→ **Work to complete**:
Drop every image, then reproduce the data exactly as given.

** Opening Material to process block **

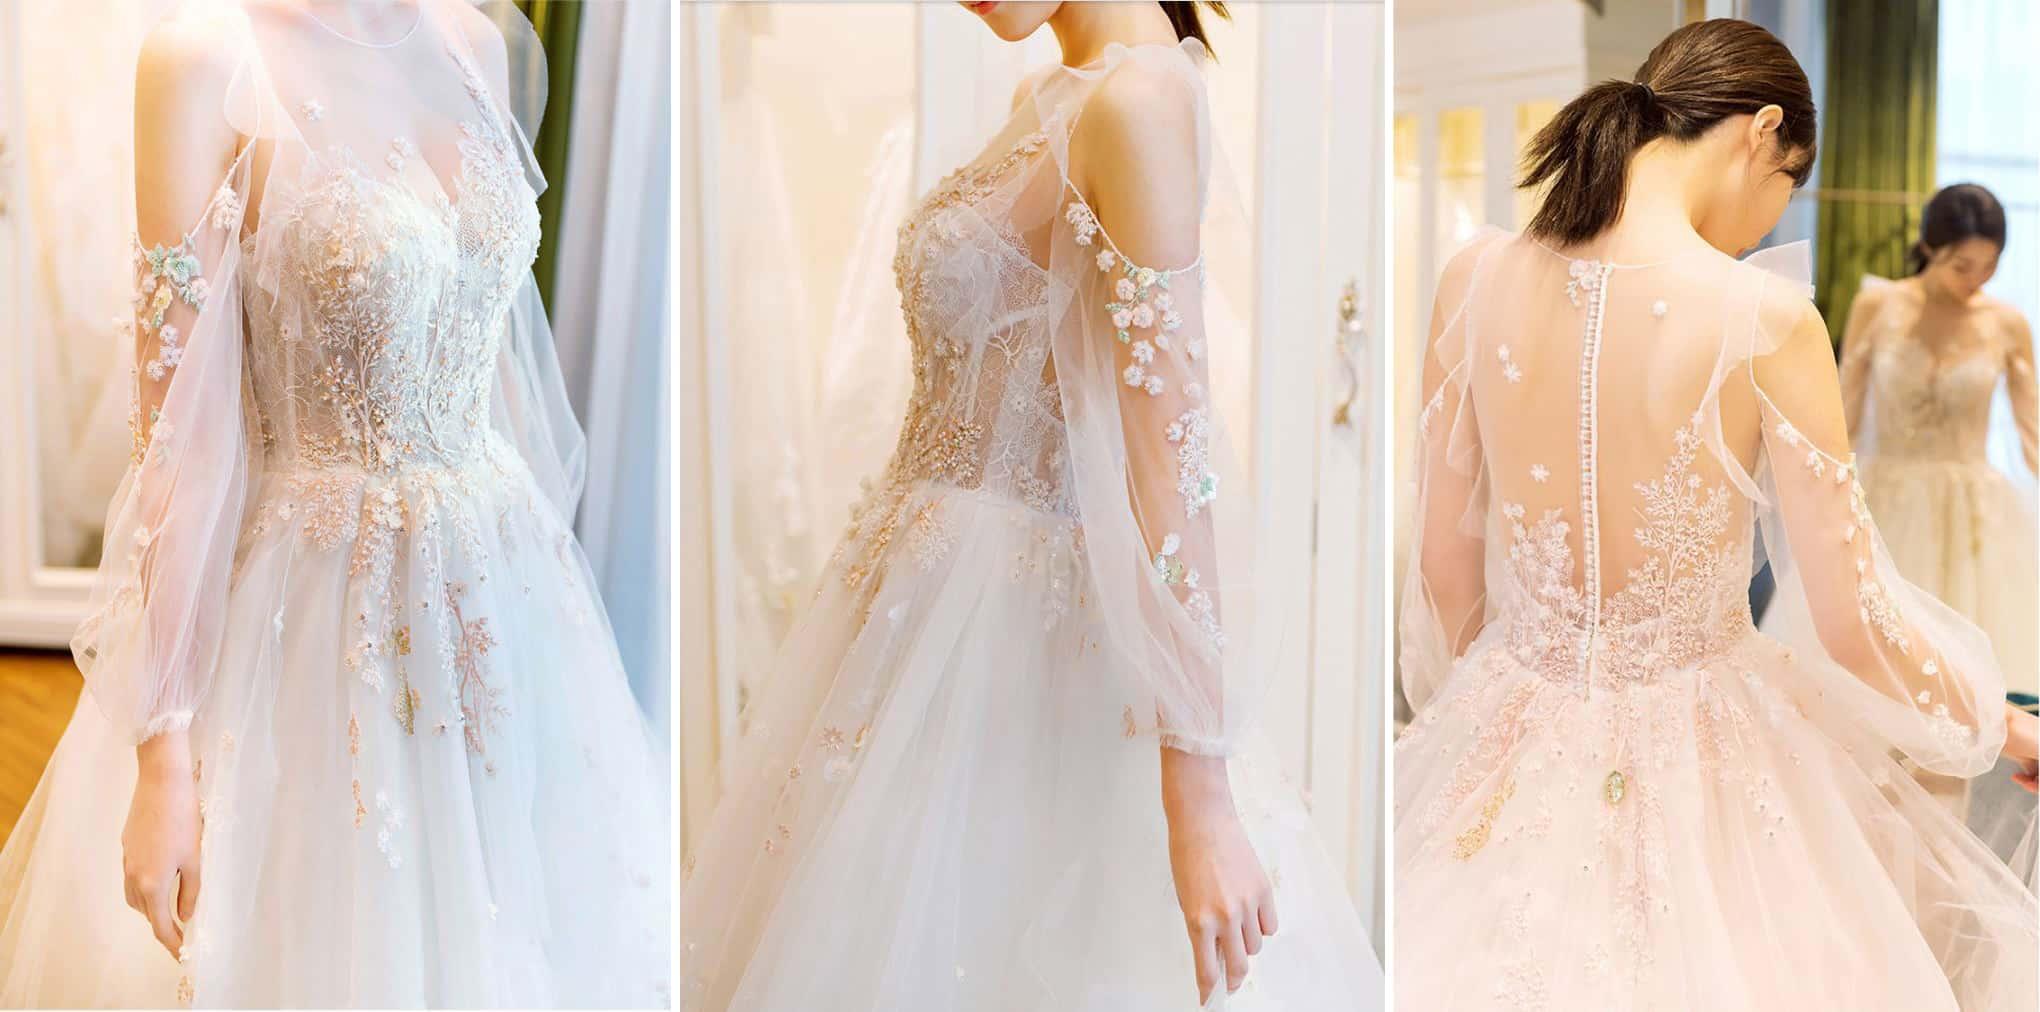 CAMA WEDDING – Địa chỉ may váy cưới đẹp ở Sài Gòn
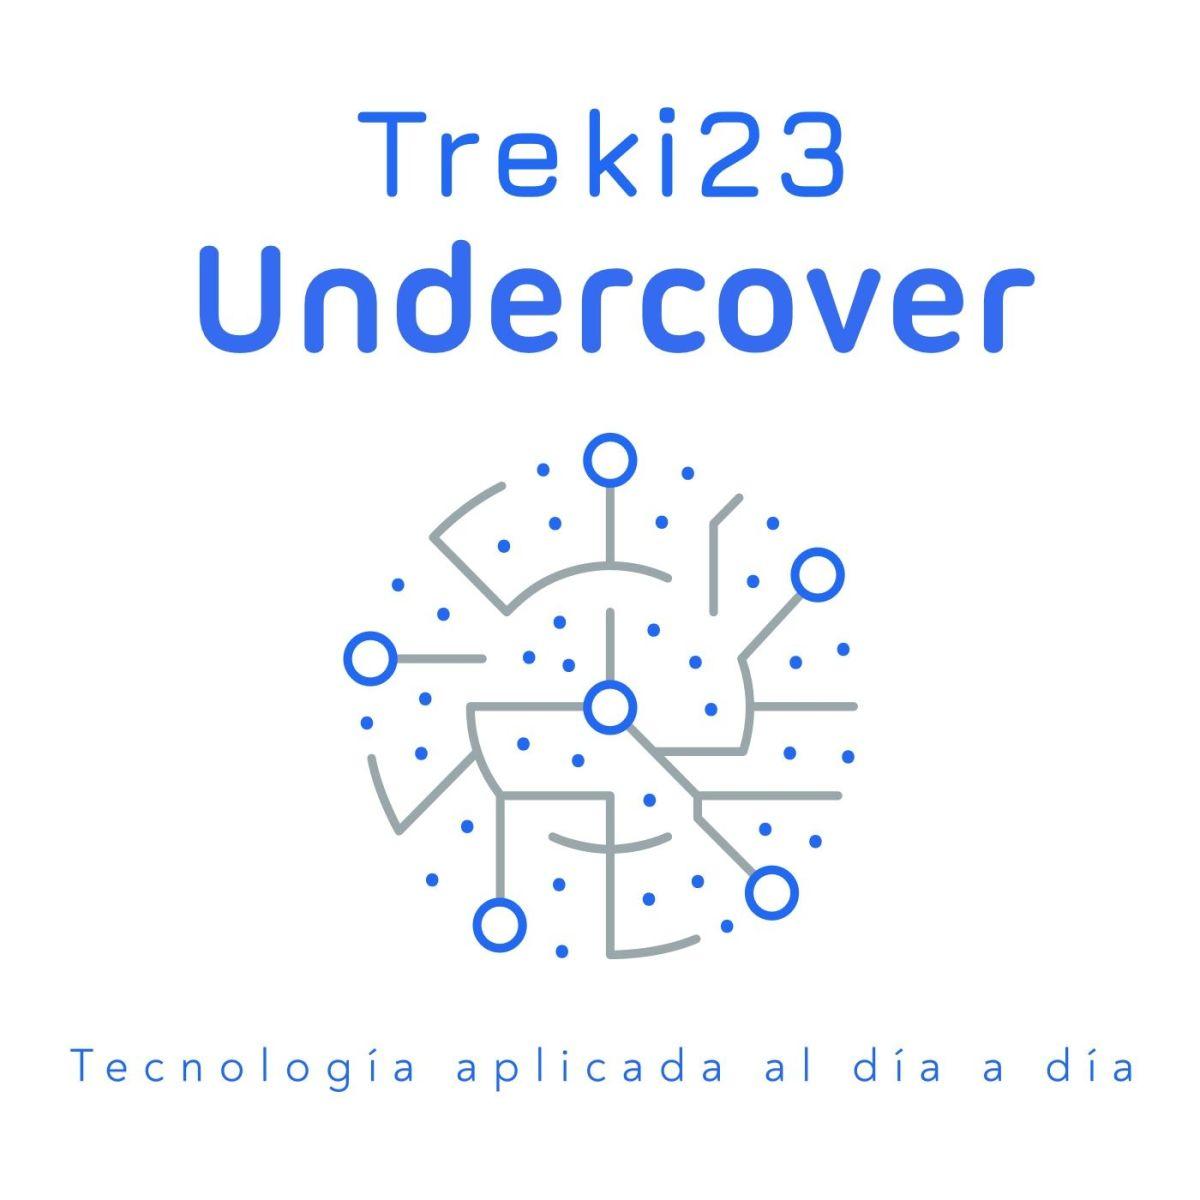 Treki23 Undercover 492 -futuro de Carplay y NFC de Apple en UE, Siri en dispositivos de terceros
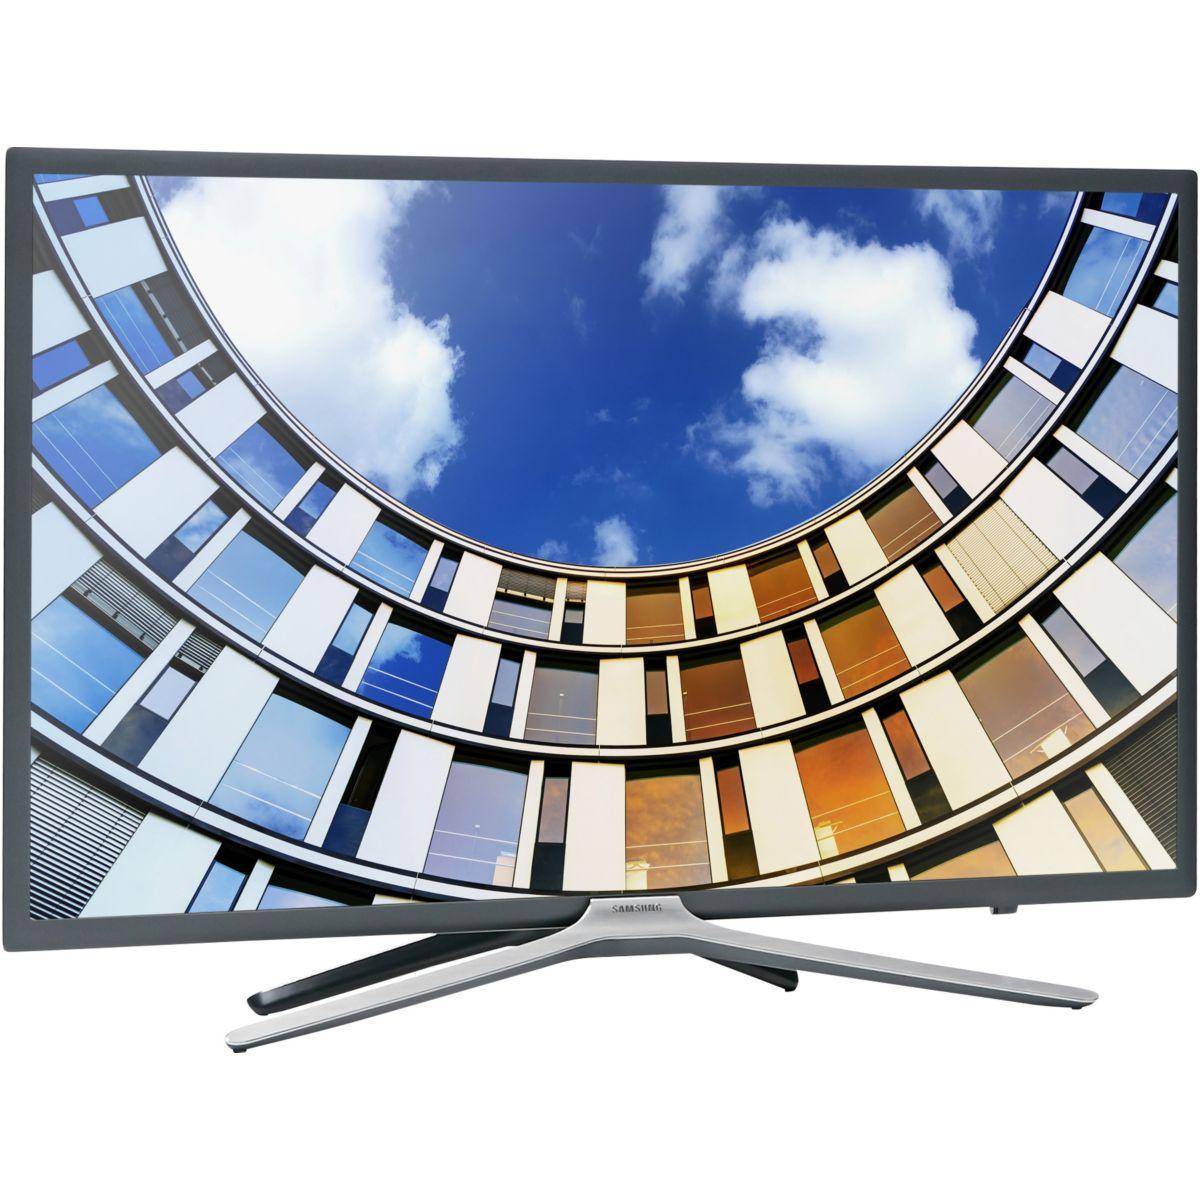 Tv led samsung ue32m5575 - livraison offerte : code premium
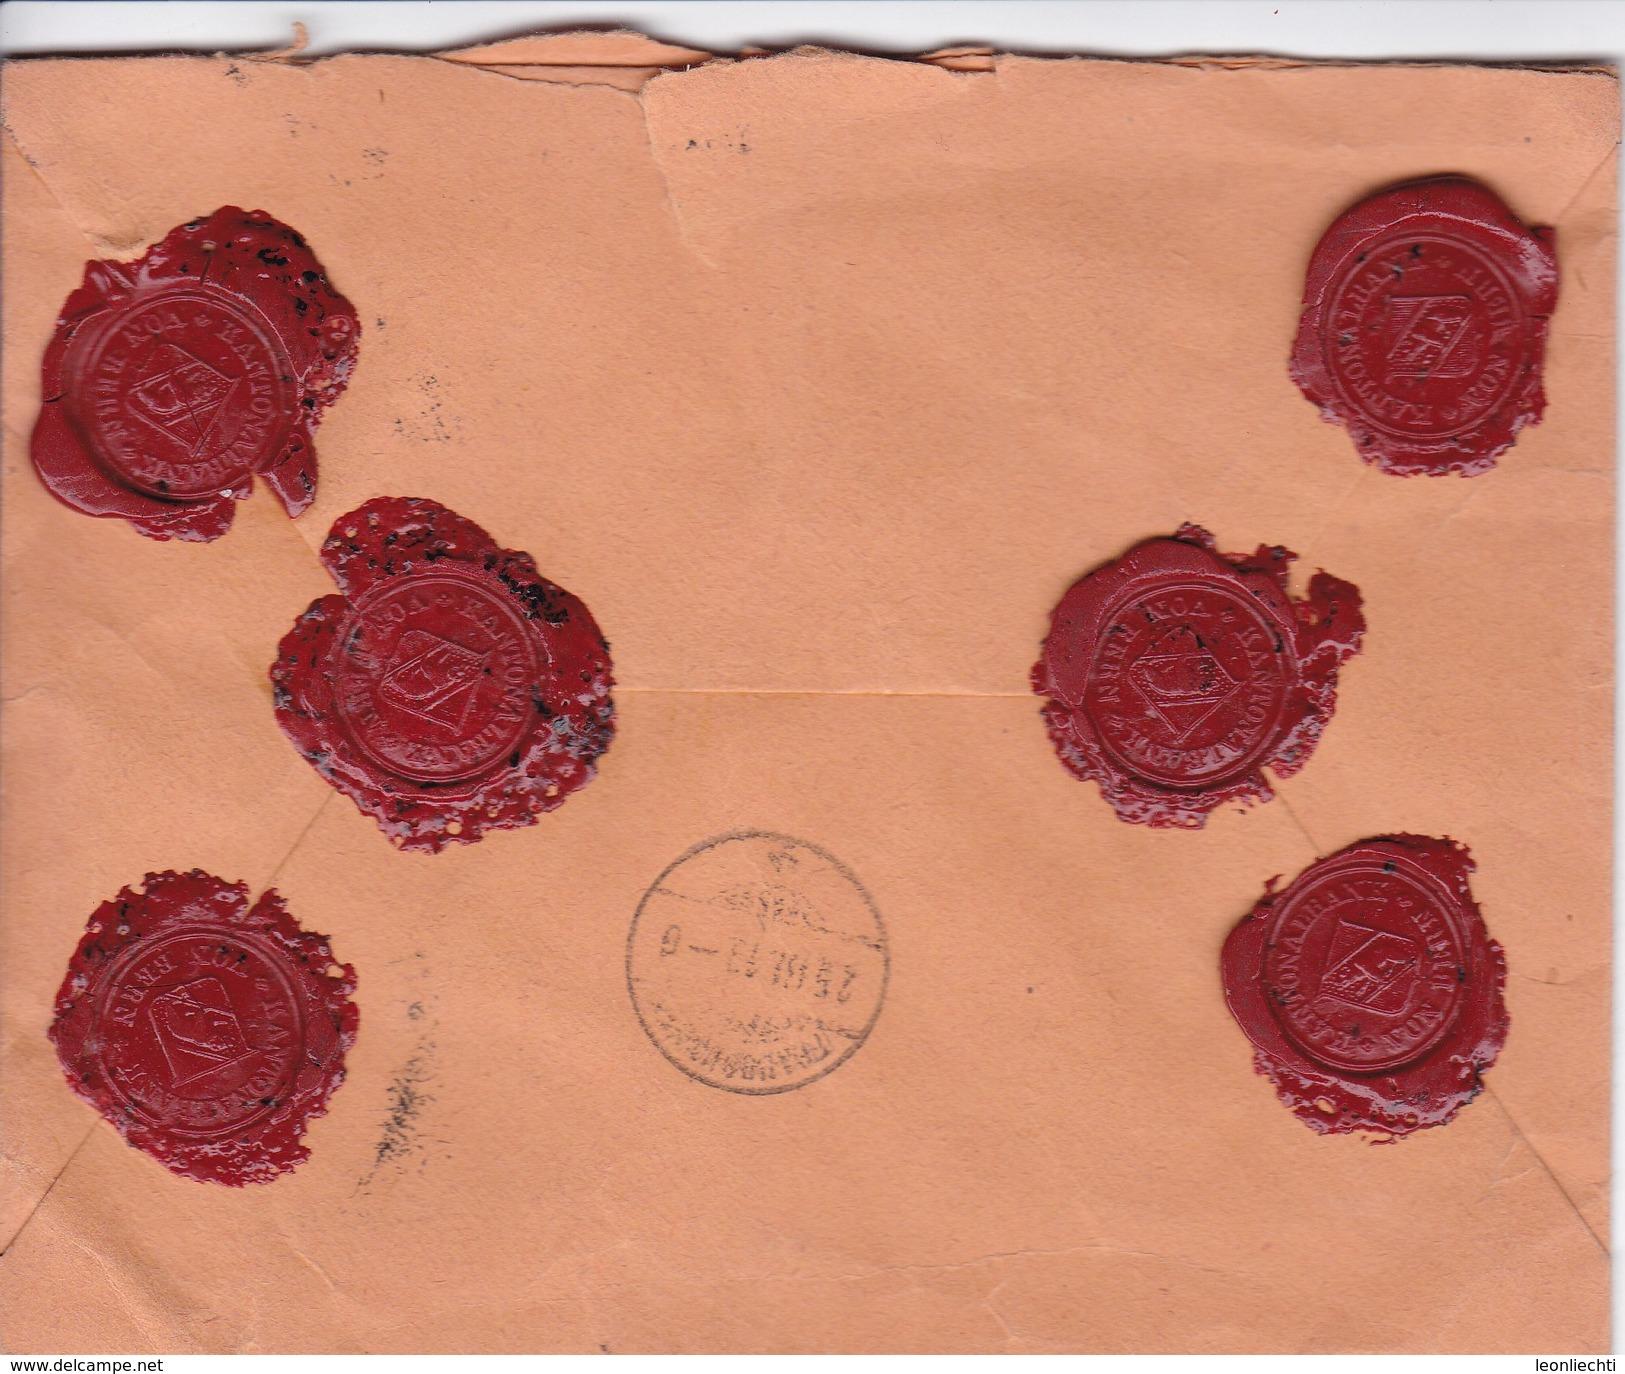 Siegelbrief, Kantonalbank Bern, Wert 4000.-, Bestellgebühr Bezahlt, Bern1 607 Wert. Mi:2 X 107x. Nach Fraubrunnen - Lettres & Documents
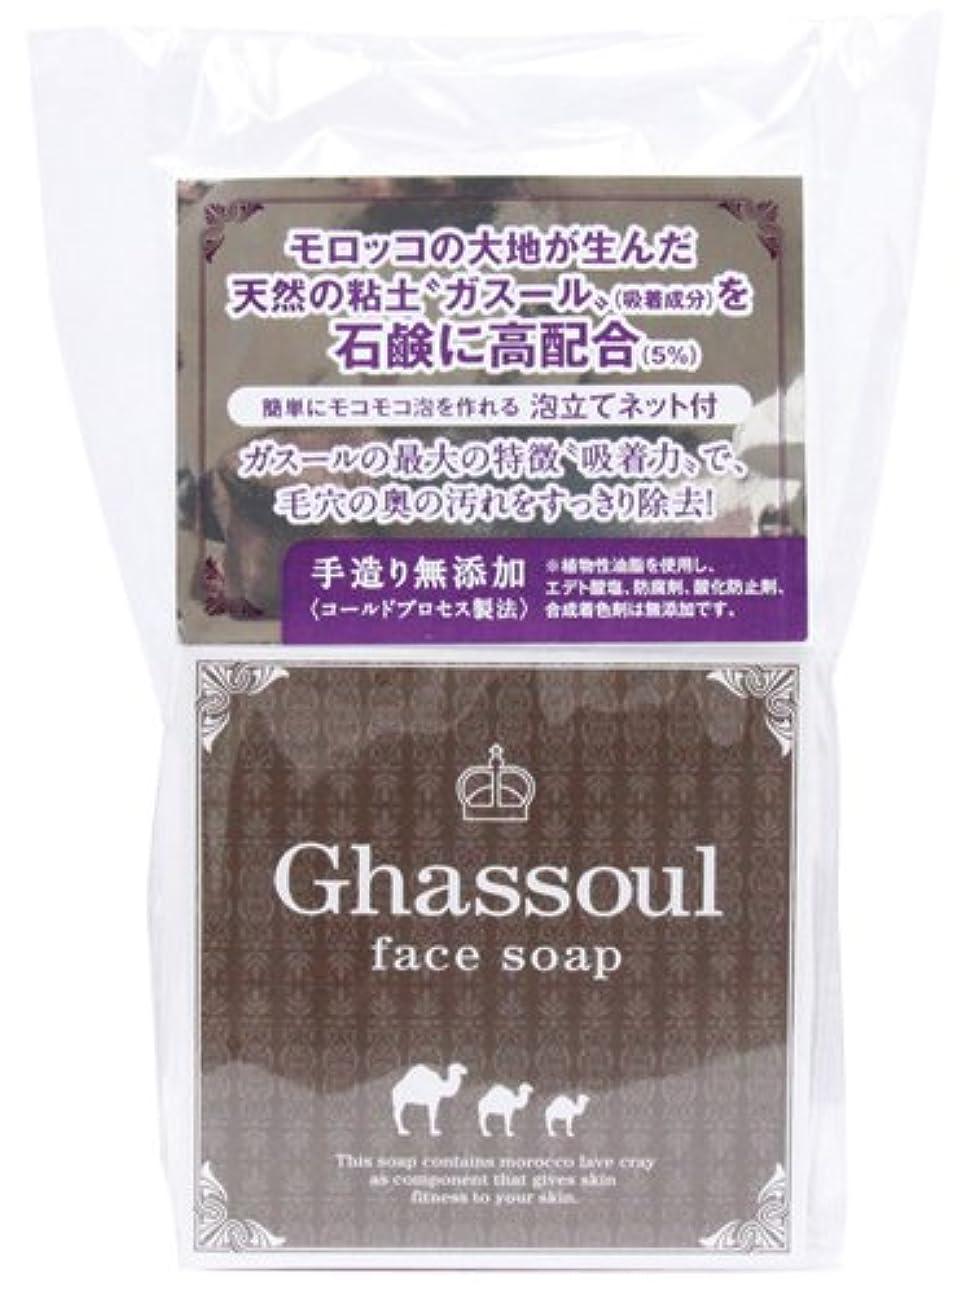 つかの間カブ強大な進製作所 Ghassoul face soap ガスールフェイスソープ 洗顔 100g

** Closing Material to process block **

→ **Answer to the problem**:
 CAMA WEDDING – Địa chỉ may váy cưới đẹp ở Sài Gòn
 Treki23 Undercover 492 -futuro de Carplay y NFC de Apple en UE, Siri en dispositivos de terceros
 Tv led samsung ue32m5575 - livraison offerte : code premium
 Siegelbrief, Kantonalbank Bern, Wert 4000.-, Bestellgebühr Bezahlt, Bern1 607 Wert. Mi:2 X 107x. Nach Fraubrunnen - Lettres & Documents
 つかの間カブ強大な進製作所 Ghassoul face soap ガスールフェイスソープ 洗顔 100g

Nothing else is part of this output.